* Recorded data

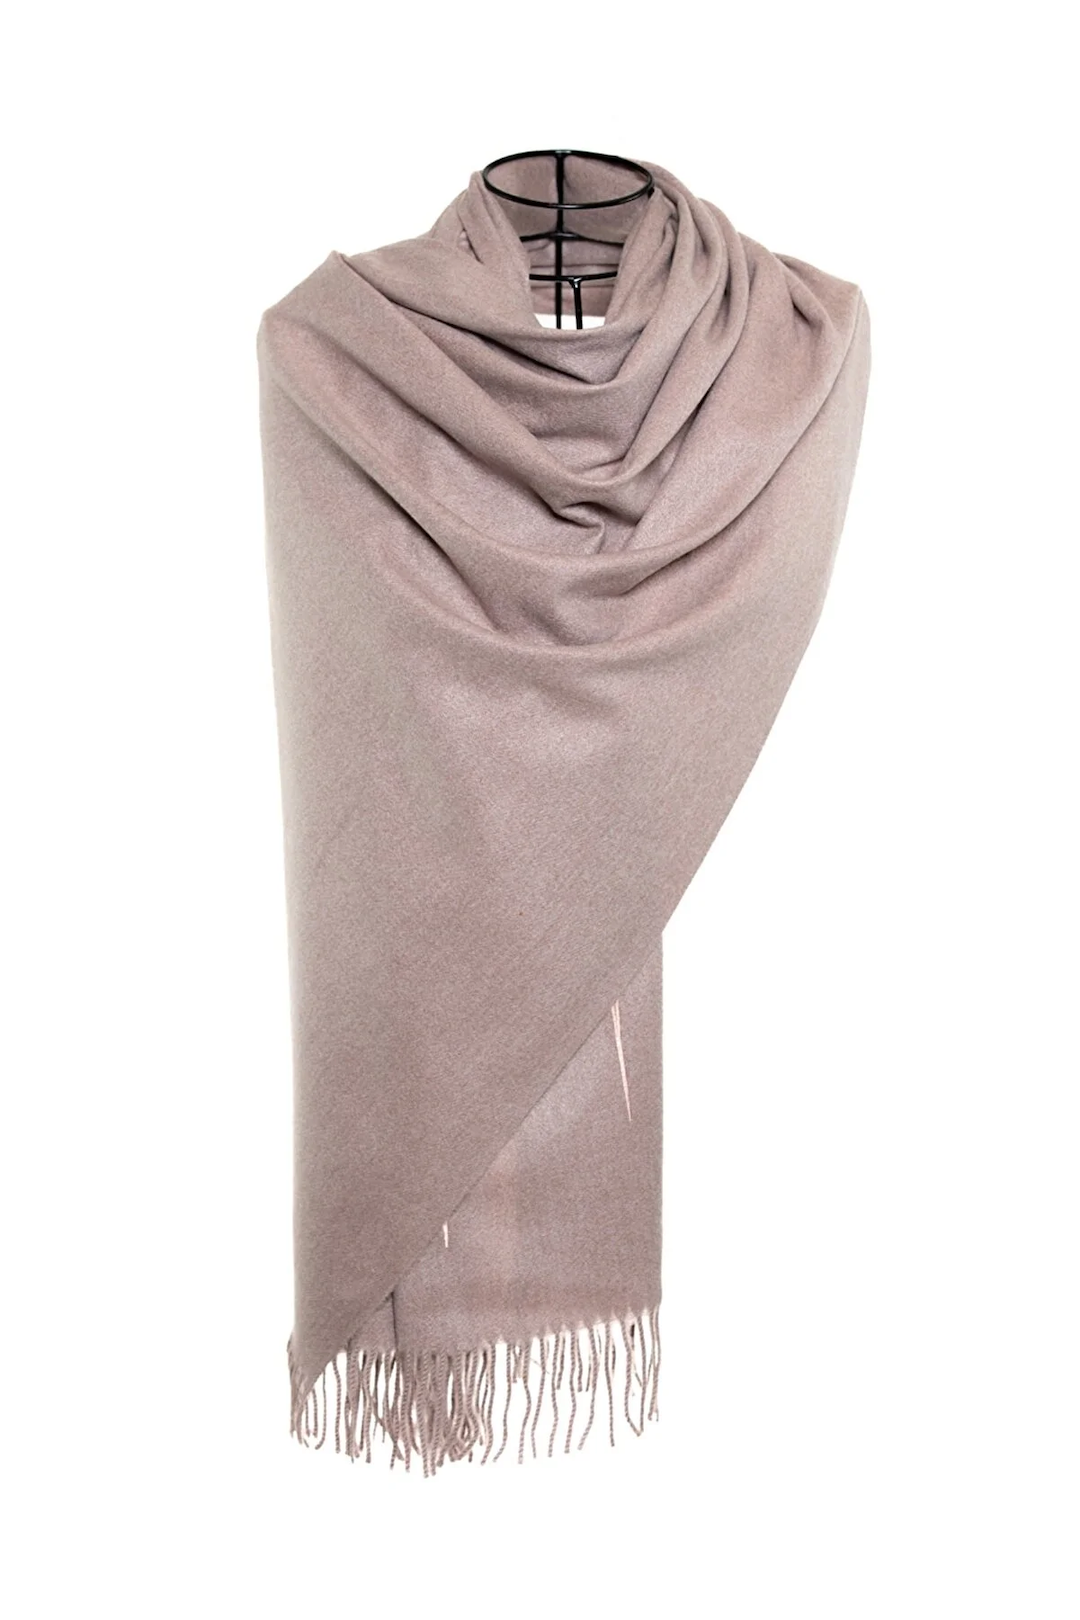 Heart Beat Embroidered Shawl with Faux Fur Pon Pons - Sepia
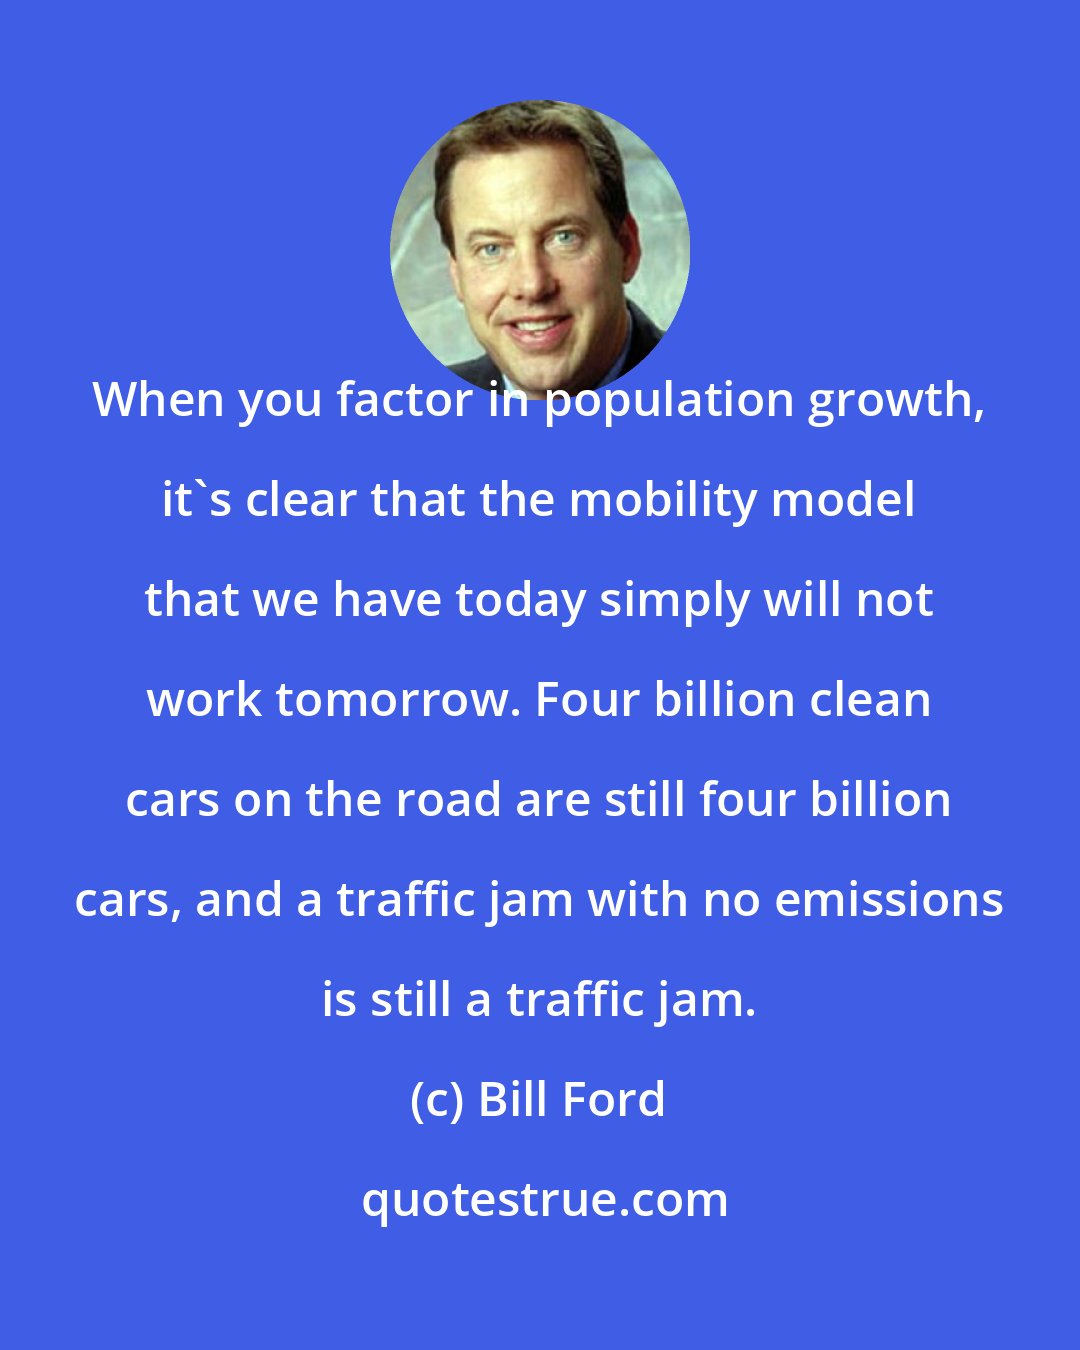 Bill Ford: When you factor in population growth, it's clear that the mobility model that we have today simply will not work tomorrow. Four billion clean cars on the road are still four billion cars, and a traffic jam with no emissions is still a traffic jam.
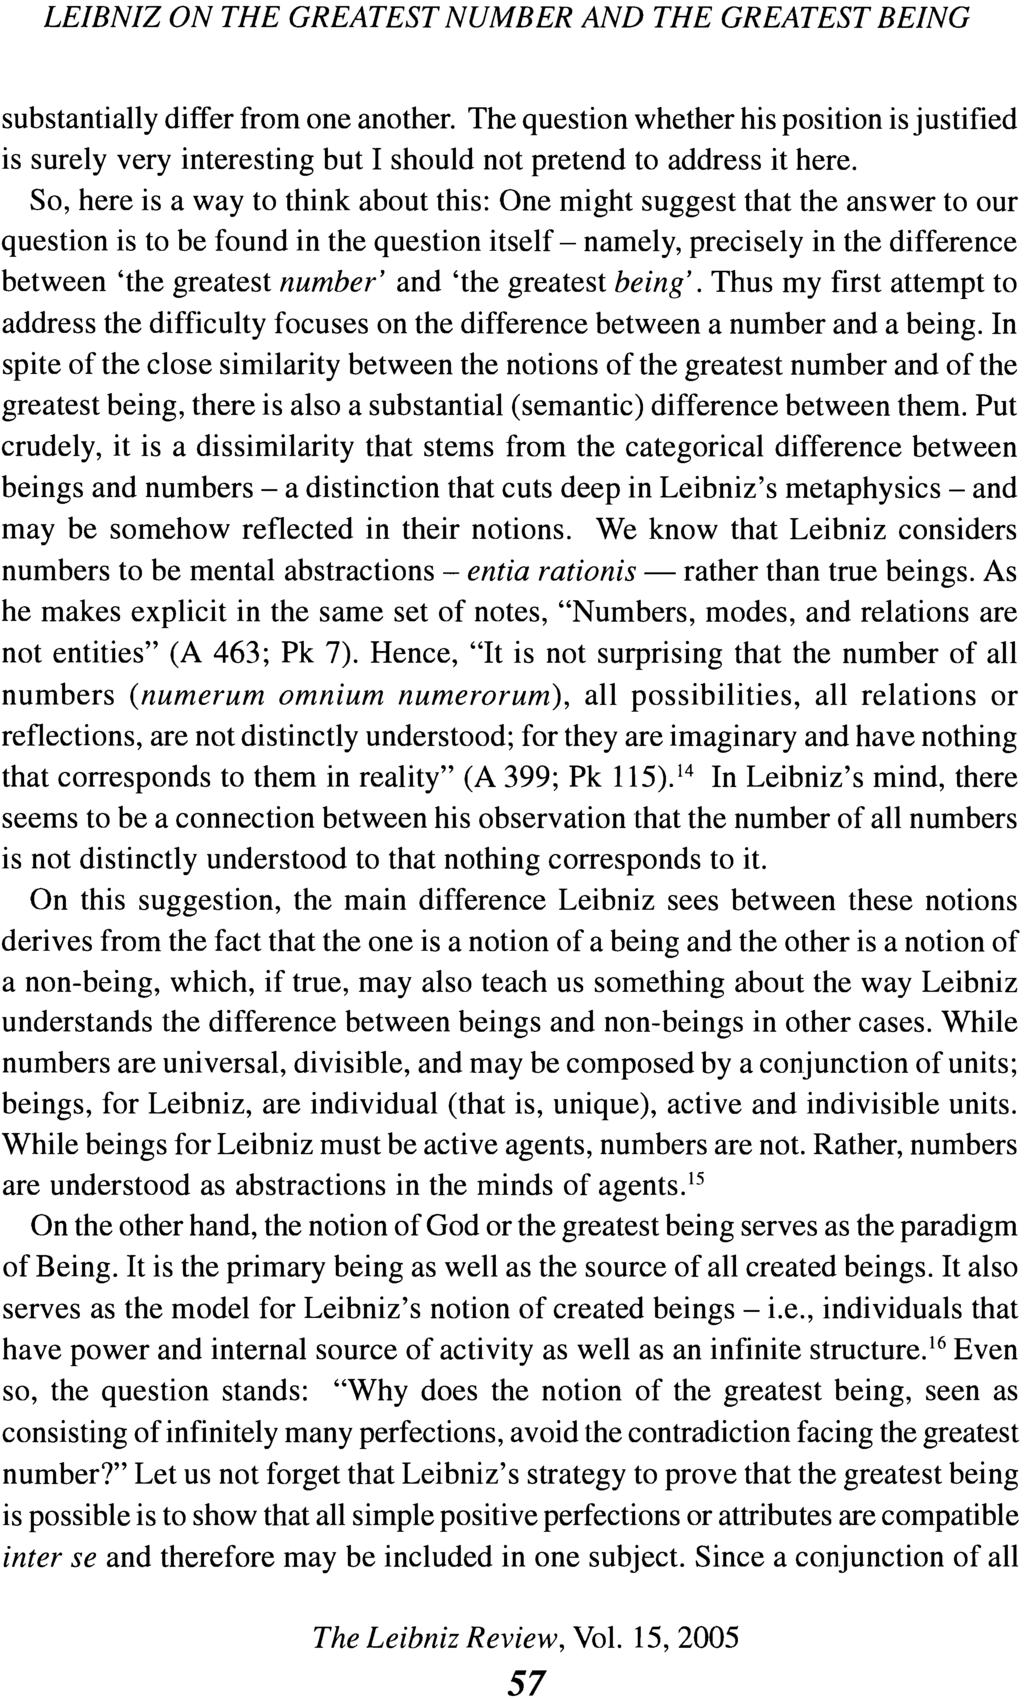 LEIBNIZ ON THE GREATEST NUMBER AND THE GREATEST BEING substantially differ from one another.
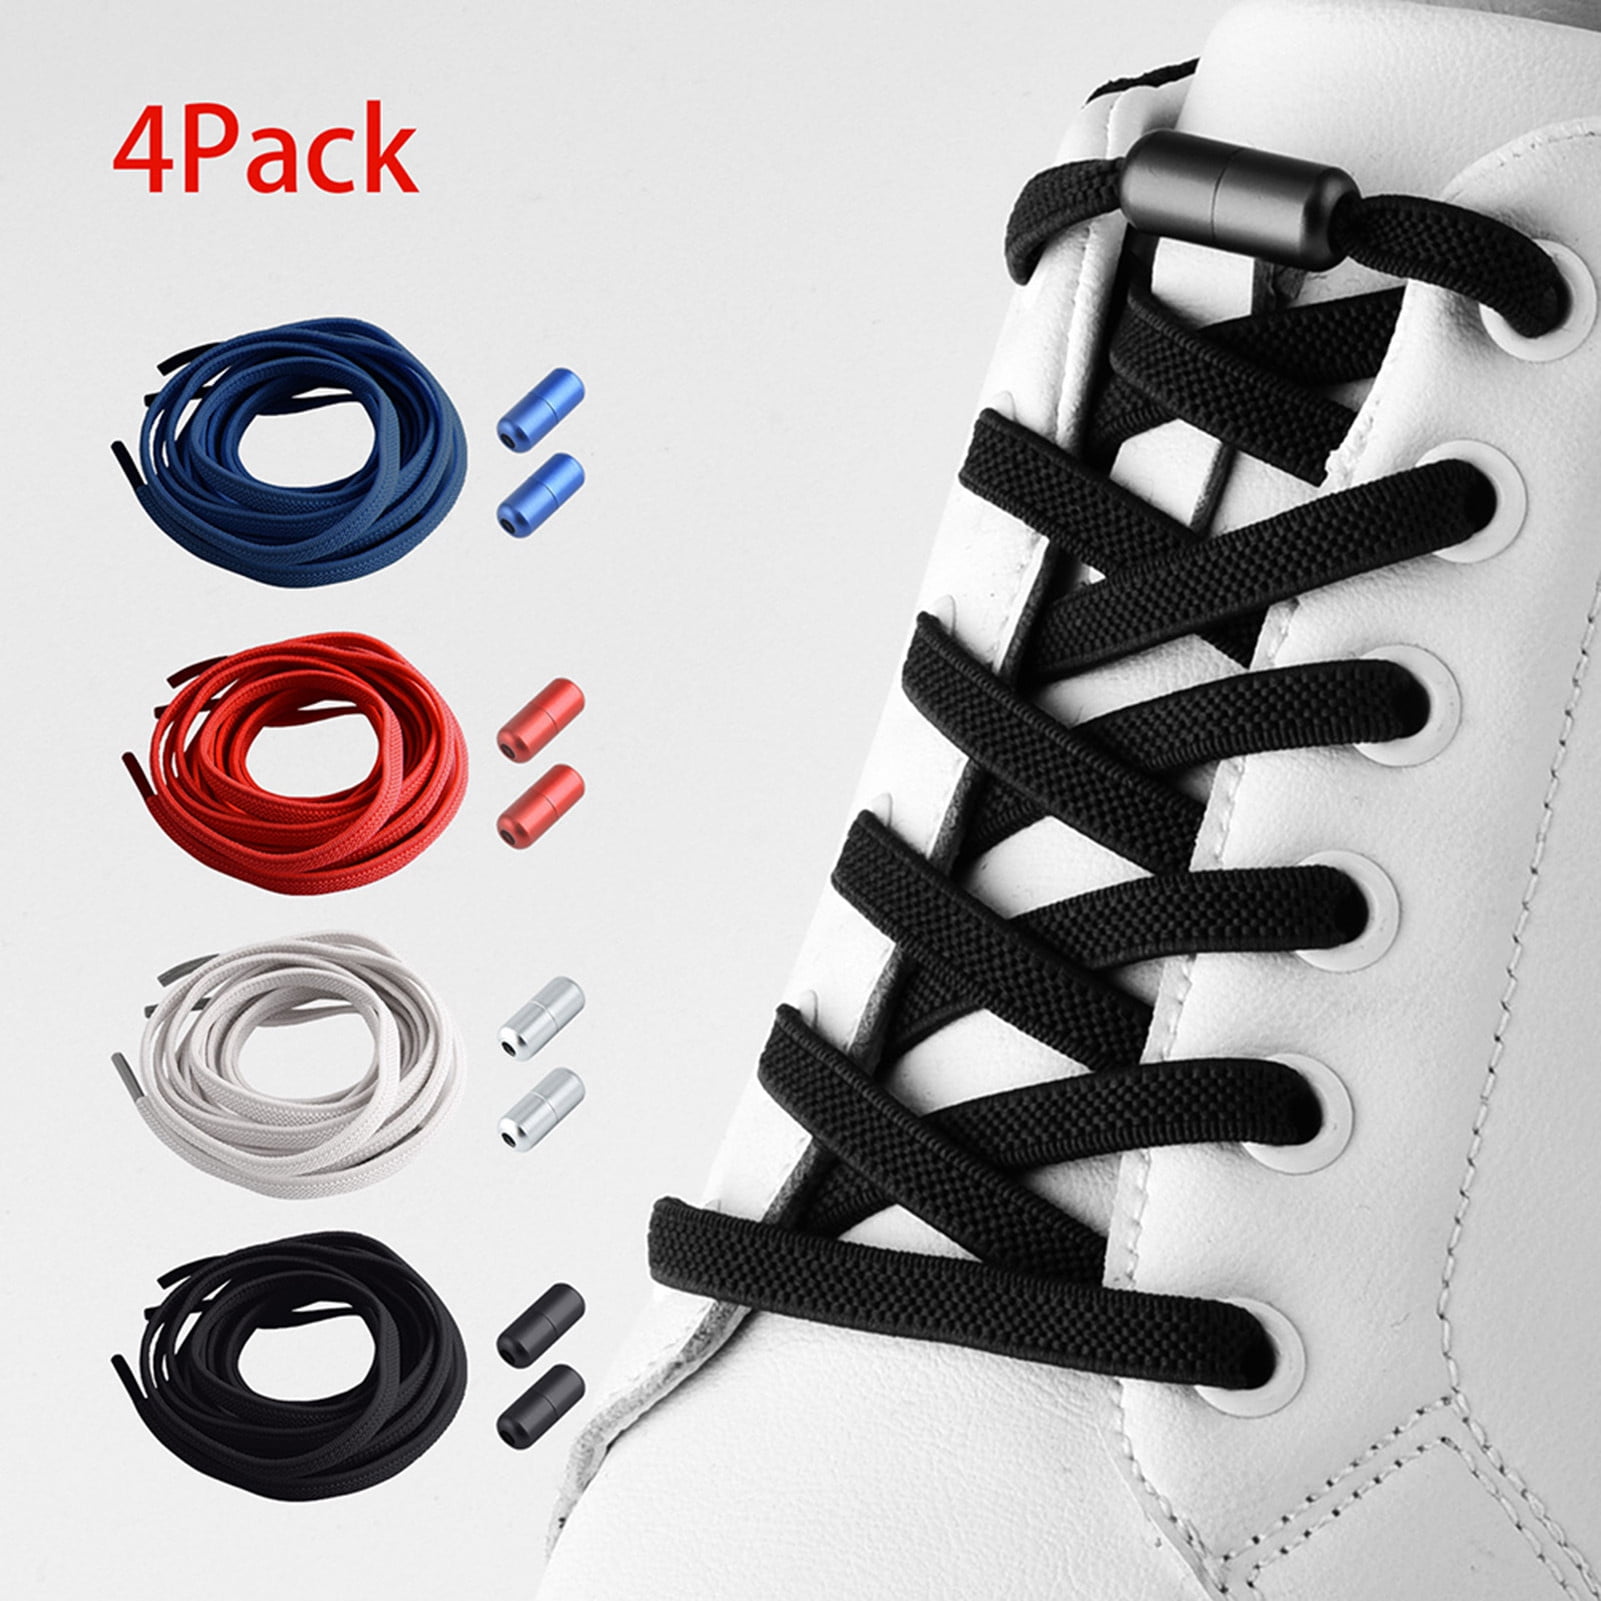 4 Pairs No Tie Shoelaces Elastic Lock Fast Lacing Lazy Lace Adult

* Brief
Produce an exact copy of every line above, with the images left out.

* Solution
 Heart Beat Embroidered Shawl with Faux Fur Pon Pons - Sepia
 Bill Ford: When you factor in population growth, it's clear that the mobility model that we have today simply will not work tomorrow. Four billion clean cars on the road are still four billion cars, and a traffic jam with no emissions is still a traffic jam.
 LEIBNIZ ON THE GREATEST NUMBER AND THE GREATEST BEING substantially differ from one another.
 4 Pairs No Tie Shoelaces Elastic Lock Fast Lacing Lazy Lace Adult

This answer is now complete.